Las lluvias cayeron justo cuando comenzaba la recolección de una de las cosechas de soja y de maíz más grande de la historia; su magnitud y duración afectó el itinerario de las tareas. El anegamiento de campos obligó a revisar el potencial de rindes y a considerar el tratamiento de la calidad de los lotes de las plantas más afectadas, teniendo más información a medida que se seque el suelo y las máquinas puedan volver al trabajo. >
El cese de las precipitaciones permitió que los empresarios vuelvan a pensar en vender.

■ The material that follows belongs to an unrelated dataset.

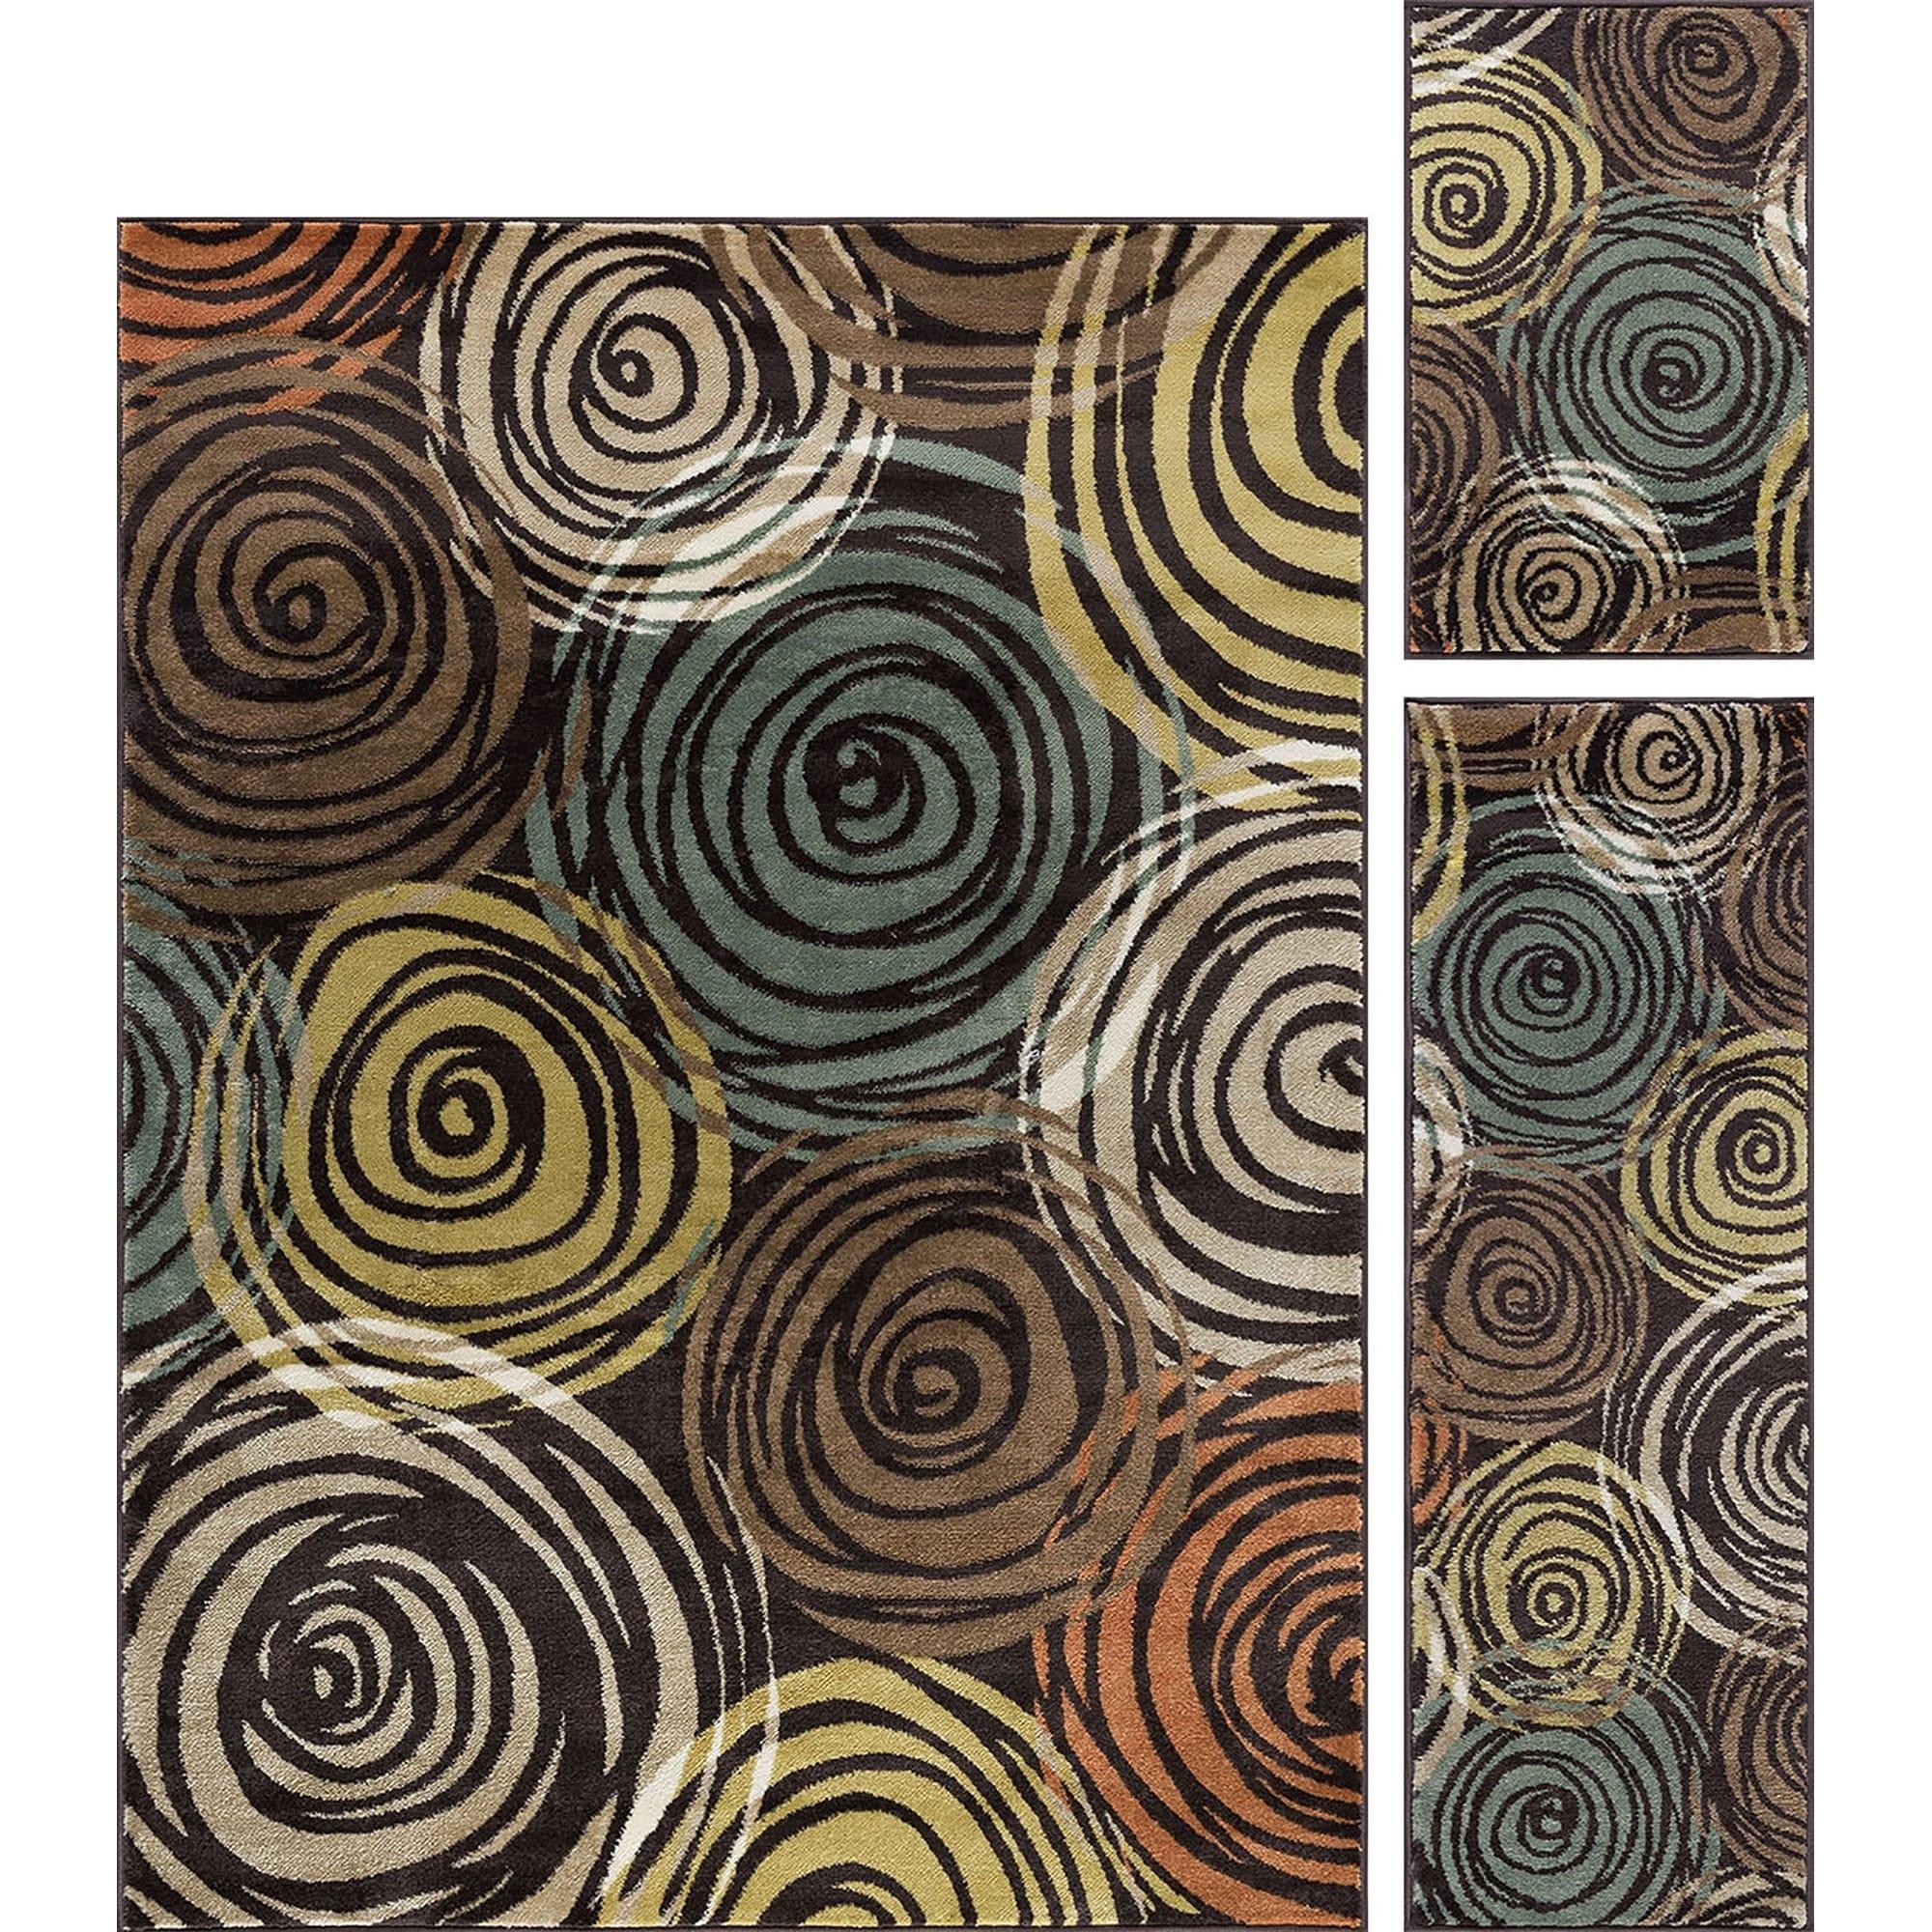 Alise Decora Brown Contemporary Area Rug 3 Piece Set, Siz...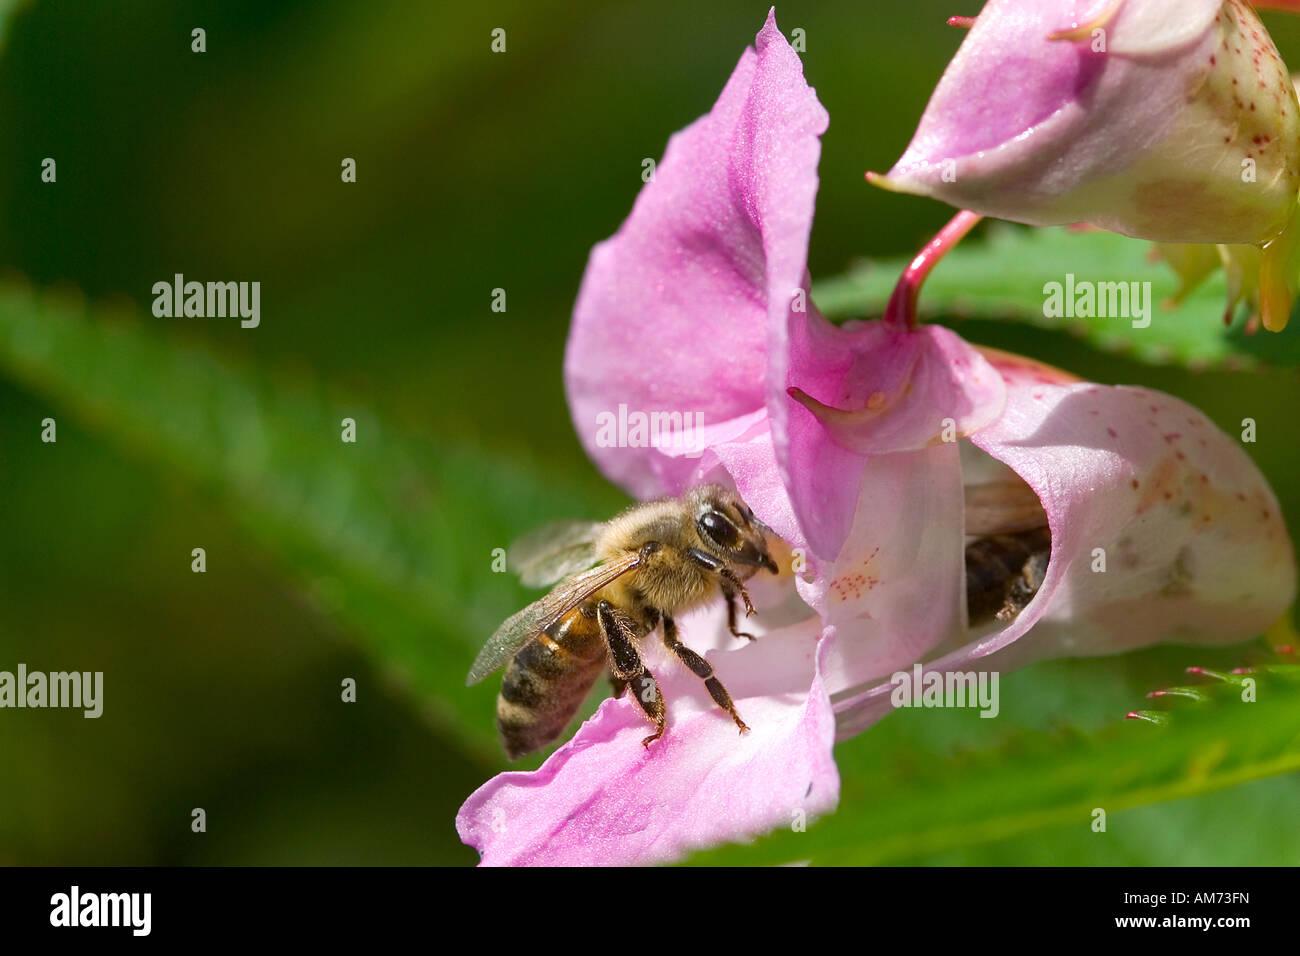 Bee at a blossom, Himalayan Balsam Stock Photo

Así fue que a pesar de las fuertes oscilaciones en los precios externos, las fábricas y exportadores se apuraron por asegurar volumen durante las únicas dos jornadas hábiles previas a Semana Santa y que servirían para compensar lo que no se recibió mientras la cosecha estuvo frenada. >
No fueron sólo los procesadores de soja los que estuvieron en el recinto de la Bolsa de Rosario, sino que los exportadores de grano sin industrializar dejaron su marca distintiva durante los últimos días. >
En los meses de cosecha la mercadería se abarata con relación a la de otros países, por lo que la mercadería que se vende sin procesar se negocia principalmente durante esas semanas. En ese tiempo -marzo, abril y mayo para la soja y el maíz- abundan los barcos que van y vienen para cargar sus bodegas.
Conocer el cronograma del arribo de barcos a los puertos se transforma en una herramienta útil para anticipar la necesidad que tendrán los compradores y la zona de Bahía Blanca se torna más agresiva porque tiene que desviar hacia el sur los granos que durante el resto del año se negocian río arriba. >
Las lluvias frenaron la afluencia de camiones a las terminales portuarias, por lo que también tuvo que demorarse la carga en los barcos. La espera tiene un alto costo diario, que durante el fin de semana largo debería multiplicarse por decenas en las distintas zonas portuarias. >
Durante martes y miércoles los compradores dejaron ver su necesidad de volumen al pagar 605 pesos y 610 pesos respectivamente la tonelada de soja que se entregara antes del día lunes, informando que mantendrían abierto el recibo de la mercadería entre jueves y domingo. >
Algo parecido sucedió con el maíz, producto sobre el que se hicieron operaciones con entregas cortas en miras de que la cosecha de este cereal deberá esperar a que sean levantados los lotes más complicados con soja. "La demora en recibir el maíz que se compró a través de los contratos forward hizo que los exportadores estuviesen interesados en asegurarse las entregas cortas", señaló uno de nuestros operadores desde el recinto de la Bolsa.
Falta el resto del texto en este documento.